KROPOTKIN Y LENIN

La entrevista / 2

Mayo de 1919. Un correo entrega en la humilde casa de los Kropotkin, la cita para una entrevista con Lenin, máximo dirigente del dictatorial gobierno soviético. El anciano anarquista, Pedro Kropotkin, destinatario de la misiva, estaba en ese momento sentado al piano. Con delicadeza reproduce viejas melodías que le traen recuerdos de una vida entregada al apoyo mutuo y la solidaridad revolucionaria entre los oprimidos del mundo.

Cumplidos los 78 años, viejo y enfermo, prácticamente recluido en una pequeña casa de madera, en el pueblo de Dimitrov, Kropotkin afronta los últimos años de su vida escribiendo y comentando con los revolucionarios rusos que le visitan en la dura hora que les ha recado vivir.

La revolución rusa era todavía un parto doloroso y terrible. Algunos, como él mismo, llevaban decenas de años de su vida luchando por ese acontecimiento, que ahora parecía estar tan cerca pero que, pese al esfuerzo y el sacrificio desplegados, no llegaba. En la dramática andadura muchos amigos y desconocidos compañeros habían muerto en el exilio, en las cárceles, ante el pelotón de ejecución o simplemente consumidos por el titánico esfuerzo. Kropotkin no podía menos que dolerse de la amarga suerte de su pueblo. Queriendo erguirse de la opresión a la que les habían condenado durante siglos, convencidas de que era posible un mundo menos brutal y oscuro, las gentes de Rusia realizaban, una vez más, un gigantesco esfuerzo.

Pero Kropotkin, como tantos otros, no se ahorraba lucidez para valorar lo que en realidad ocurría, pues, dos años después de la revuelta de octubre de 1917, apenas se lograba transformar el viejo mundo de la opresión zarista en aquel otro, libre e igualitario, por el que luchaban tan denodadamente. Obreros, campesinos y marineros, batiéndose una y mil veces en innumerables frentes sangrientos, percibían la omnipresencia de inercias, conceptos, organizaciones, ideologías, prisas, deseos… que parecían querer encadenarlos de nuevo. Con la agravante de que esas fuerzas y creencias estaban en el mismo lado de las trincheras de los revolucionarios -aunque muchos alertaban sobre lo erróneo de esta apreciación- y tampoco escatimaban sacrificio, tesón o voluntad.

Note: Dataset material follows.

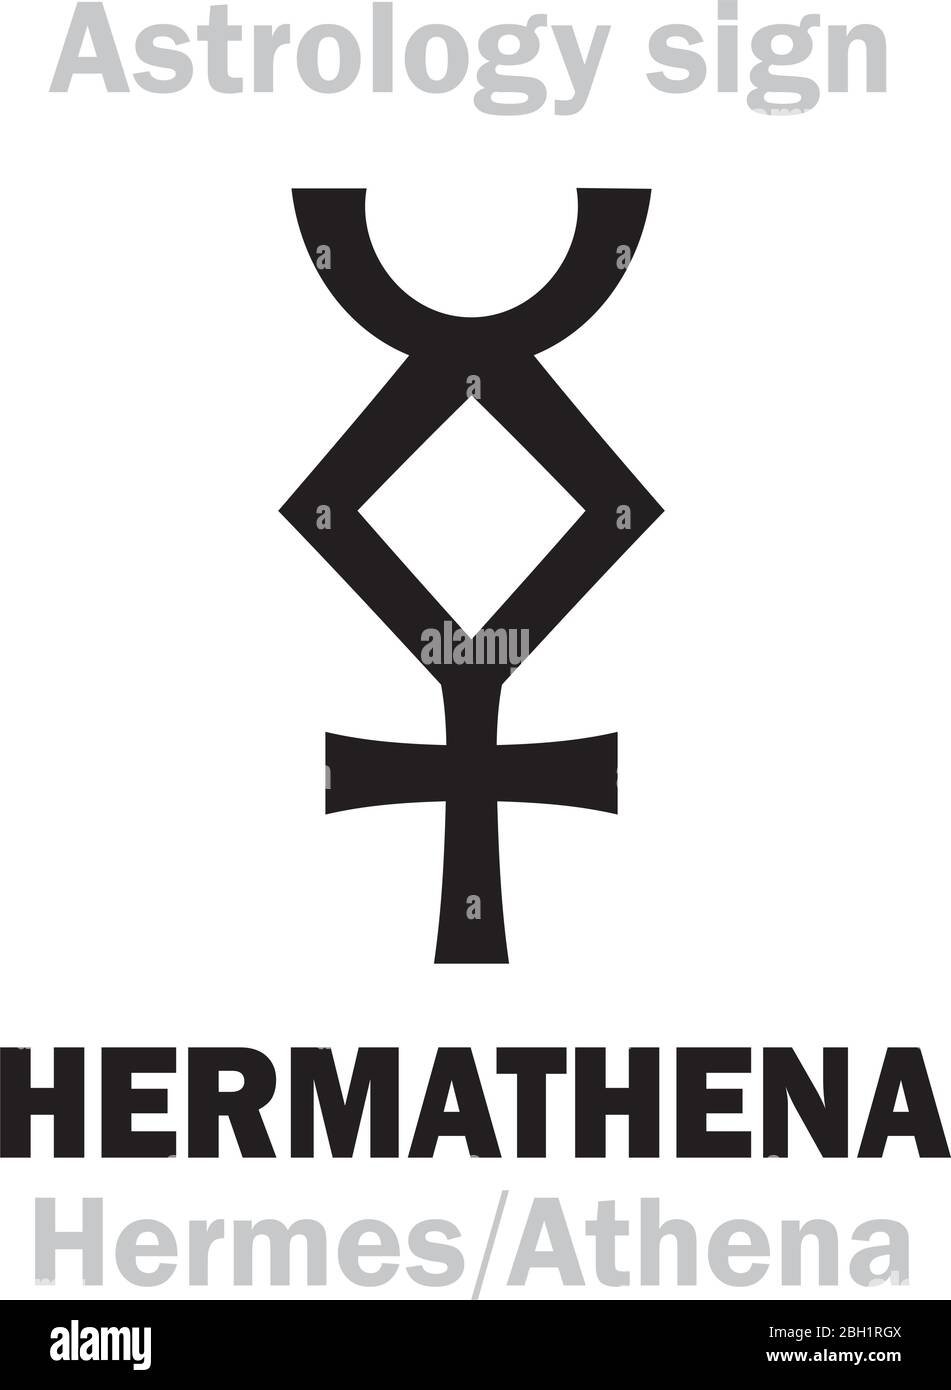 Astrologie Alphabet: HERMATHENA (Hermes+Athena), lokal Altgriechisch sakrale Doppelgottheit der Beredsamkeit, Handwerk, Wissenschaften. Symbol der Verdoppelung der Weisheit. Stock Vektor

En ese contexto, Kropotkin recibió de manos de su hija la invitación para entrevistarse con Lenin. La conversación se centró inmediatamente en la cuestión de las organizaciones de base -cooperativas comunales, asociaciones, soviets, etc- y su papel en el proceso revolucionario. Para Kropotkin, este era el problema. Para Lenin una cuestión baladí, insignificante, ante la «enorme y arrolladora actividad que desplegaba el movimiento generado por la revolución de octubre».

Ambos fueron conscientes del abismo que les separaba. El uno, anciano y sabio, hablaba de la revolución todavía posible. El otro, más joven y locuaz, ya había renunciado a ella en nombre del nuevo estado. Aquel hablaba desde «abajo». Este desde «arriba». El anciano avisaba sobre la «fatalidad de una evolución que, siguiendo desde su origen lineas falsas, solo podía conducir al fracaso y a la reacción”.

Durante la entrevista, Lenin discursea apasionadamente sobre victorias, sangre, masas, terror rojo masivo, «hasta una guerra de todos contra todos, ése es el único tipo de lucha que puede ser asumido con éxito», lo demás es insignificante, juego de niños. Kropotkin, que bien sabe que «sin lucha nada puede ser logrado en ningún país, sin la más desesperada lucha», enseguida da muestras de su profundo desinterés por aquella retórica, que siente como encubridora de un grave desatino.

La entrevista no tuvo más efecto práctico que dramatizar el abismo que separaba, no a dos personas sino a dos modos de comprender el momento que protagonizaban. Bien lo captó el testigo y organizador de la entrevista, Bonch-Bruevich, quien dice de cada uno: «Observé a Lenin. Sus ojos chispearon un poco burlones escuchando a Kropotkin …» y «Kropotkin, oyó las vehementes palabras de Lenin primero con atención, que fue cambiando a desinterés,»

Ya nunca volverían a verse, aunque Kropotkin escribió varias cartas a Lenin en las que denunciaba, una y otra vez, la imposibilidad de construir una nueva vida a partir de la dictadura estatal y la omnívora autoridad ilimitada de la que hacía gala el Partido Comunista.

Año y medio más tarde, en enero de 1921, moría Kropotkin. Un inmenso cortejo de más de cien mil personas siguió al féretro hasta la humilde tumba que había escogido.